BEGIN Supplied data

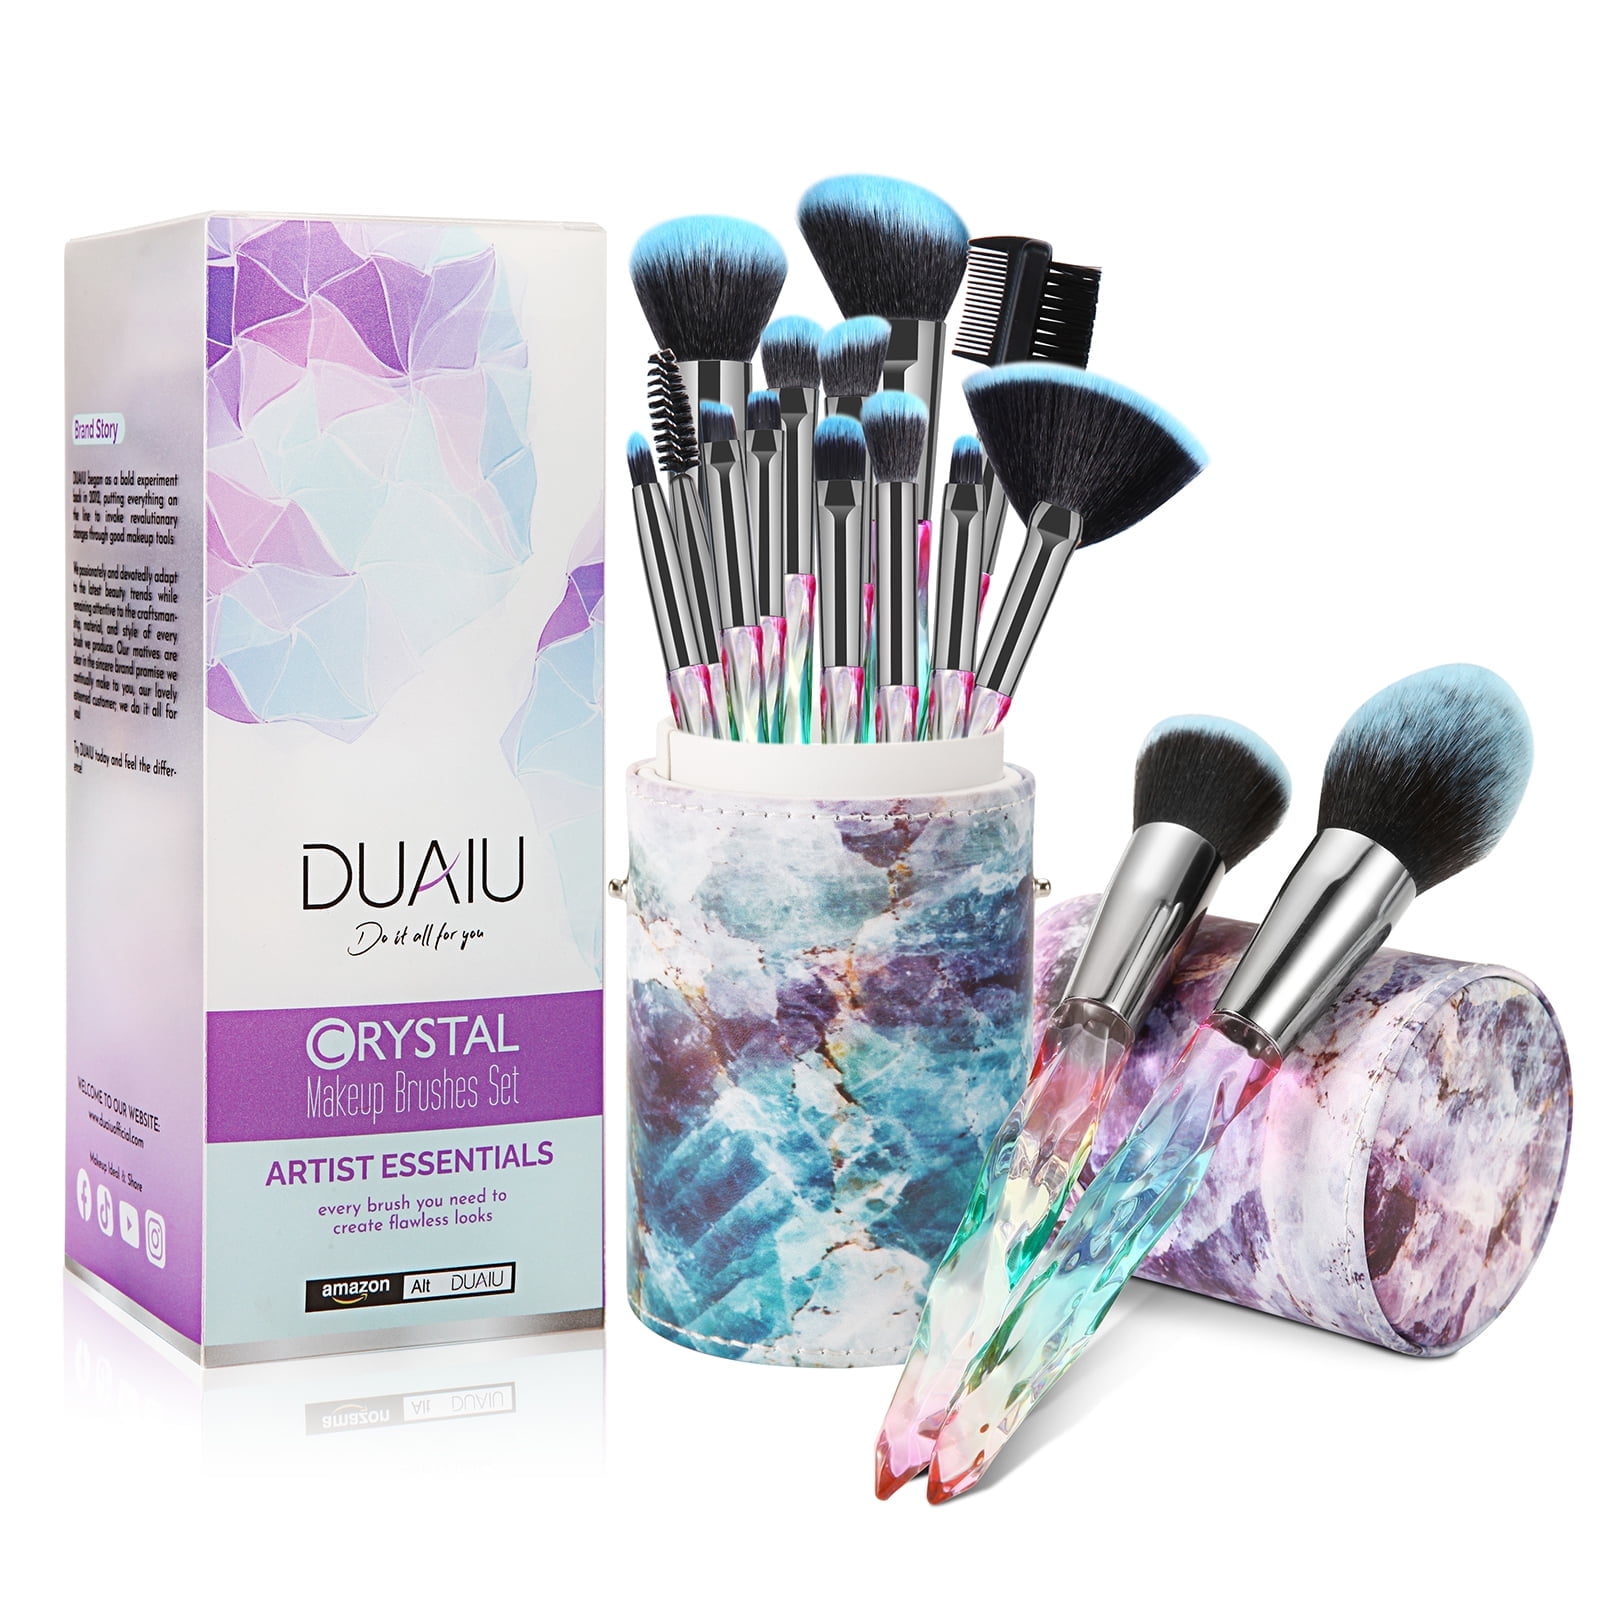 DUAIU Makeup Brushes 15PCS Marble Makeup Brush Set Blush Foundation  Concealer Eyeshadow Brushes with 4 Makeup Sponge - Valentine's Day, Xmas  Gift 
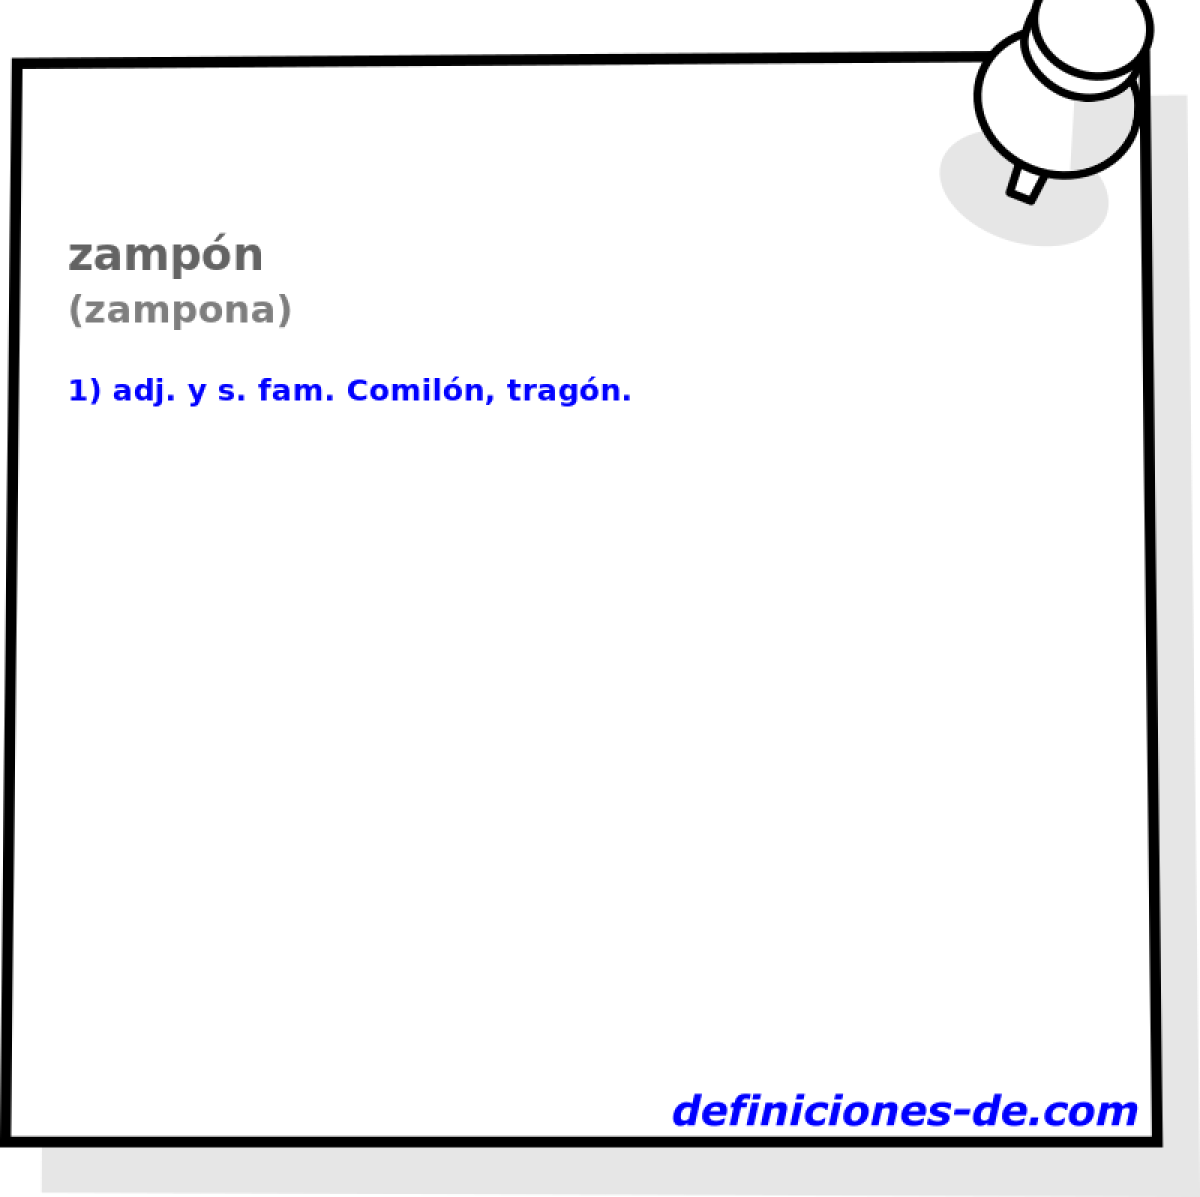 zampn (zampona)
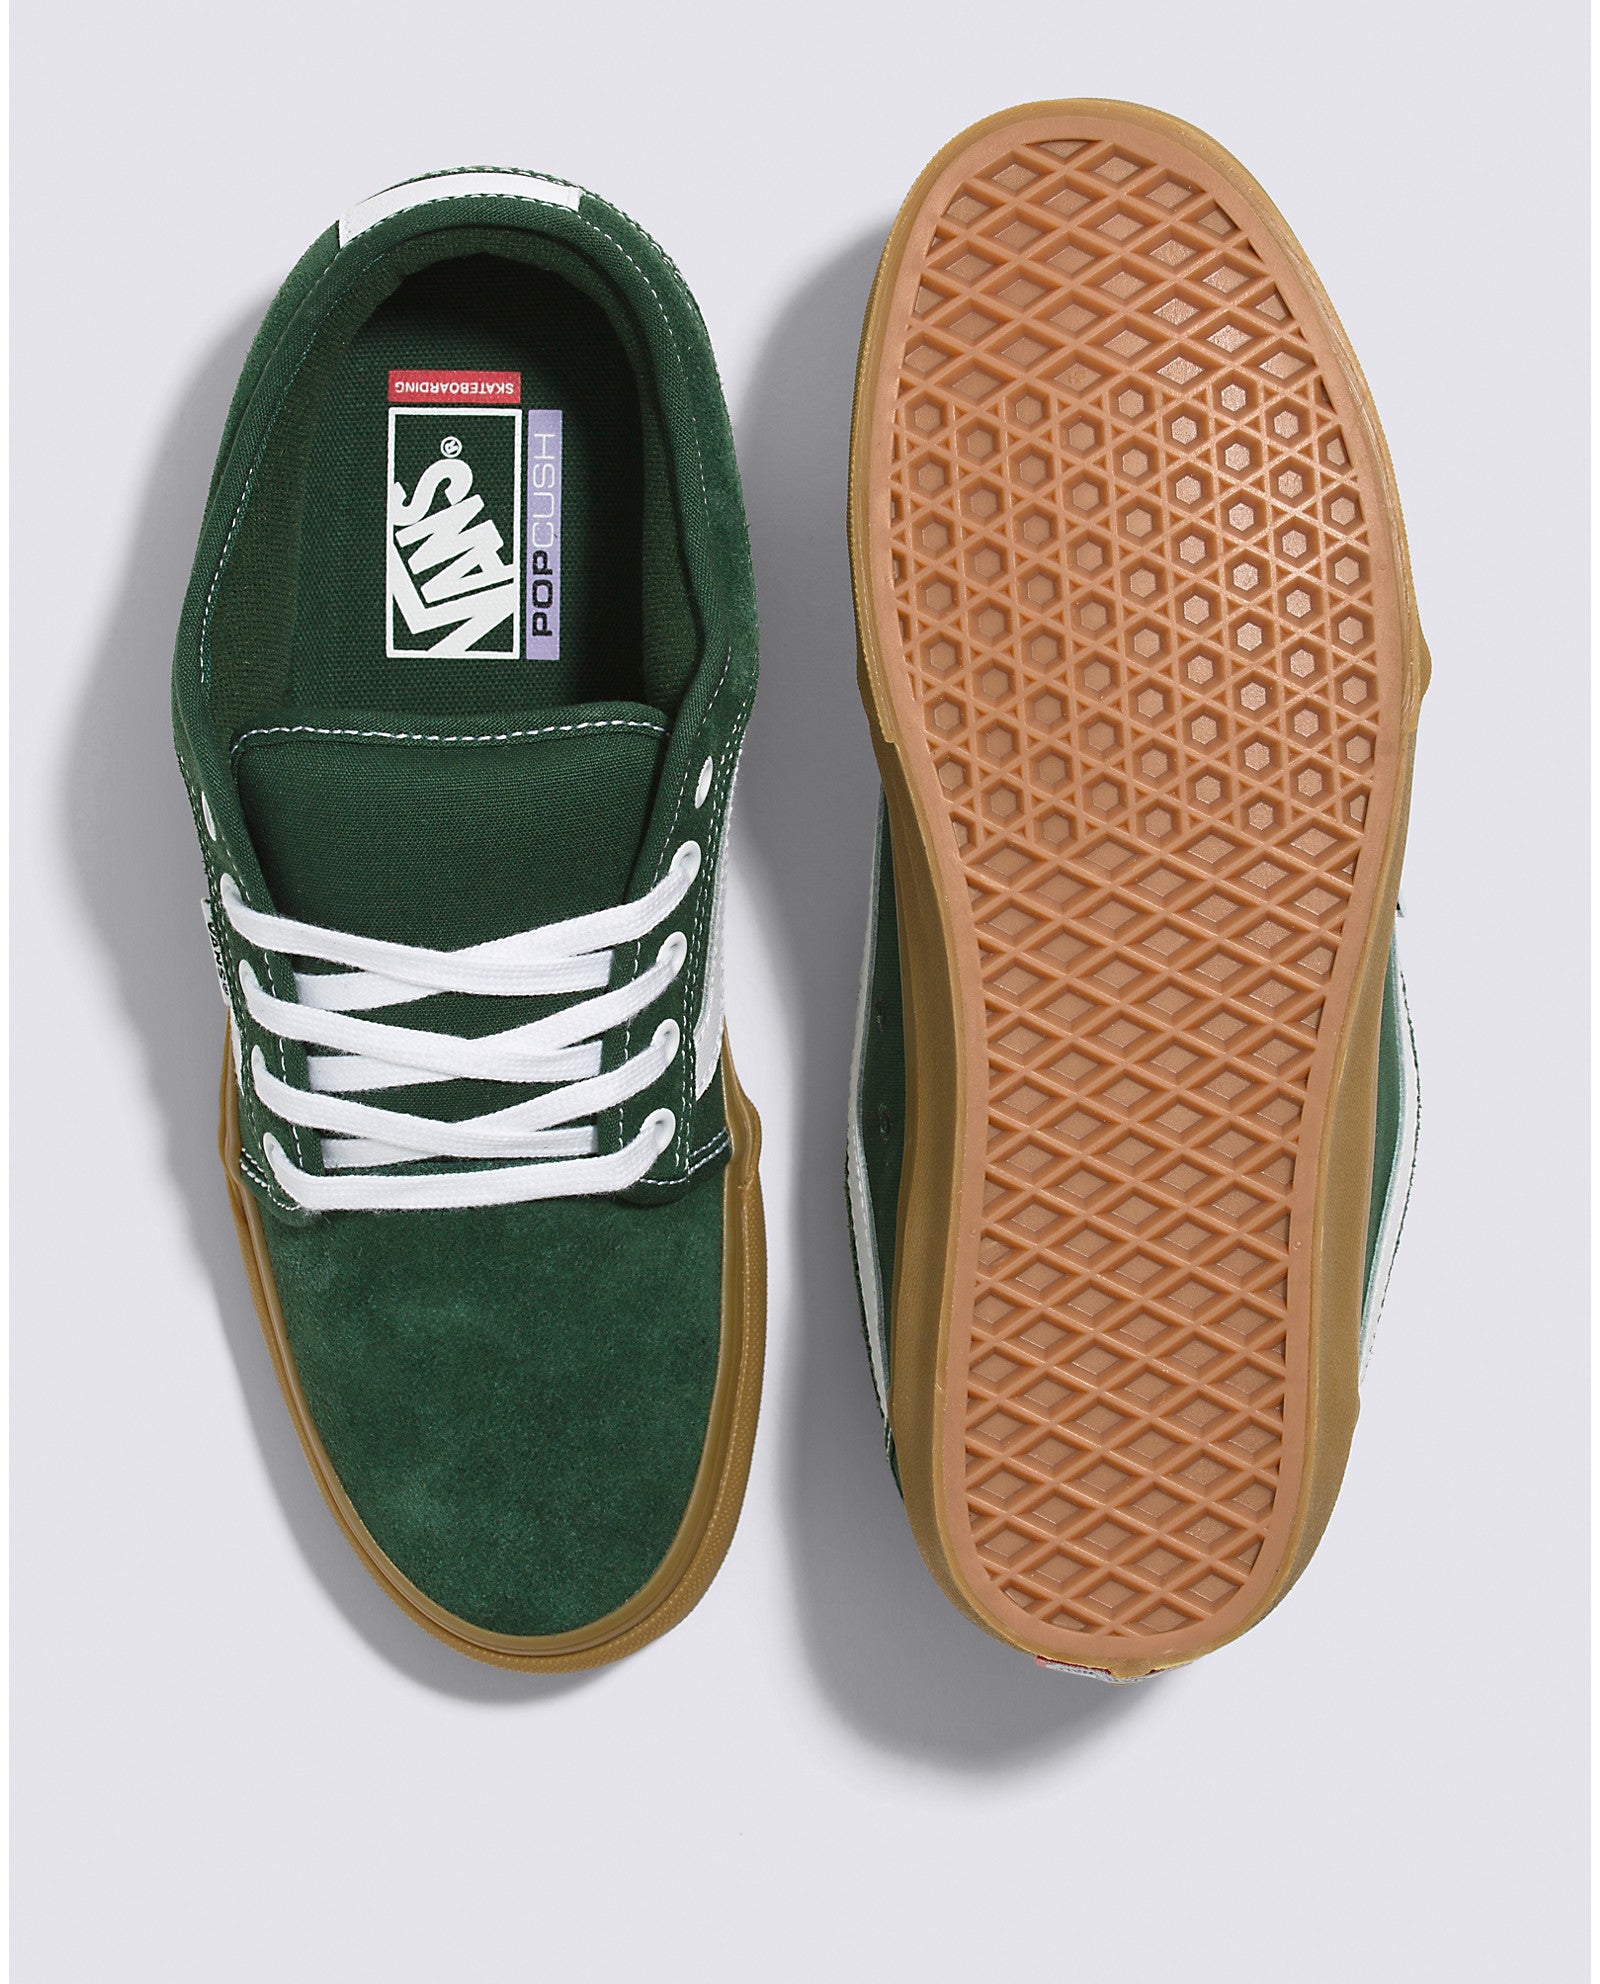 Dark Green/Gum Chukka Low Sidestripe Vans Skate Shoe Top/Bottom
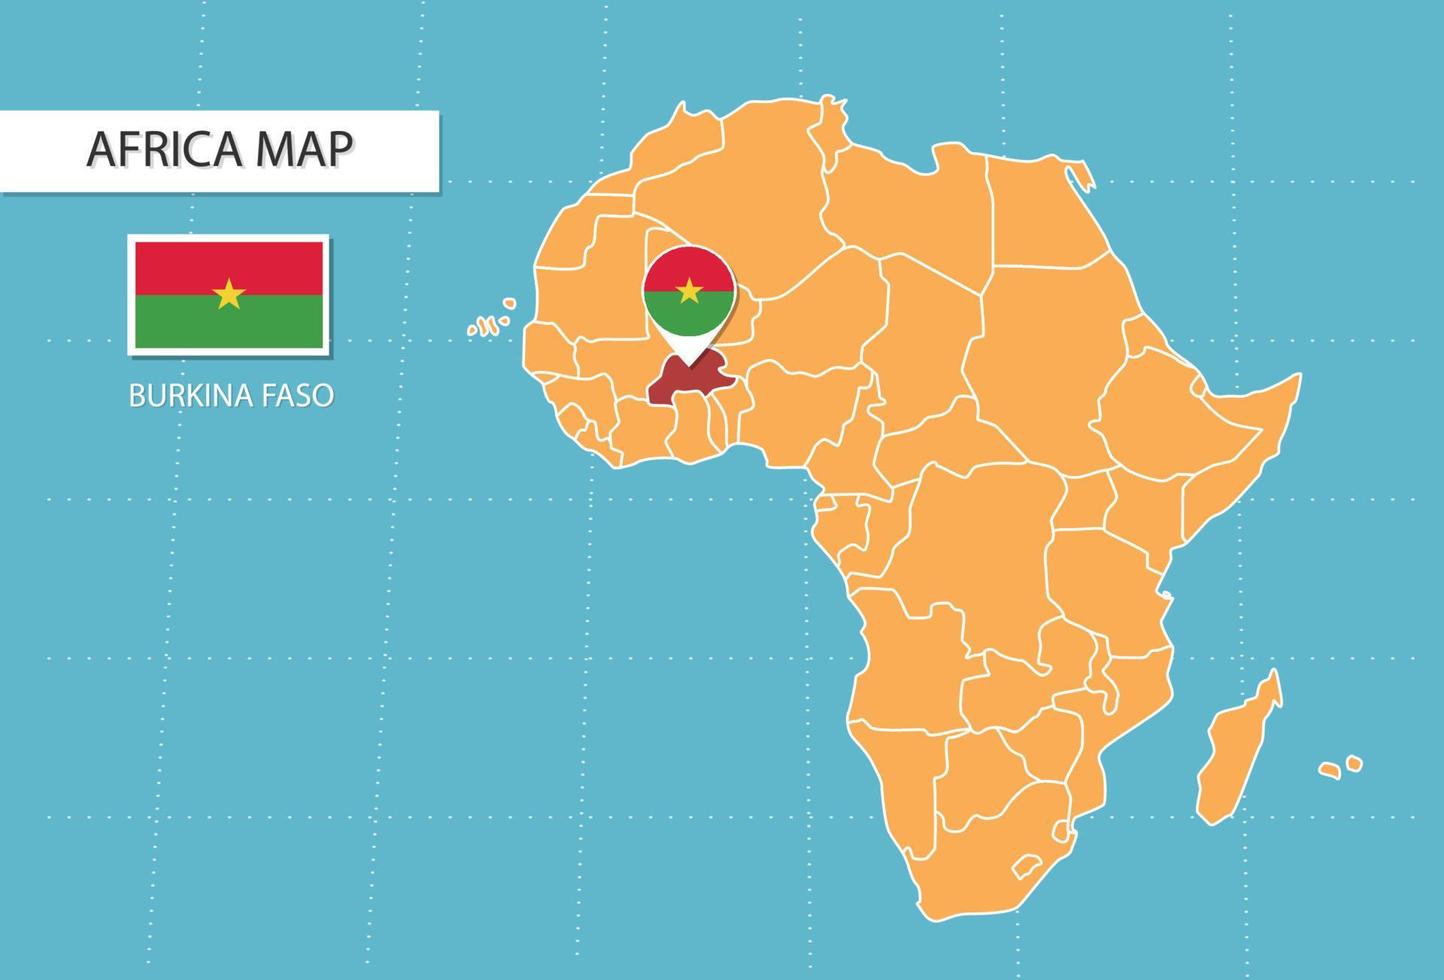 burkina faso karte in afrika, symbole zeigen burkina faso lage und flaggen. vektor

END Supplied data

Task to complete = Write all the lines above out again exactly, minus the images.

Answer section =
 DUAIU Makeup Brushes 15PCS Marble Makeup Brush Set Blush Foundation  Concealer Eyeshadow Brushes with 4 Makeup Sponge - Valentine's Day, Xmas  Gift 
 zampn (zampona)
 Dark Green/Gum Chukka Low Sidestripe Vans Skate Shoe Top/Bottom
 burkina faso karte in afrika, symbole zeigen burkina faso lage und flaggen. vektor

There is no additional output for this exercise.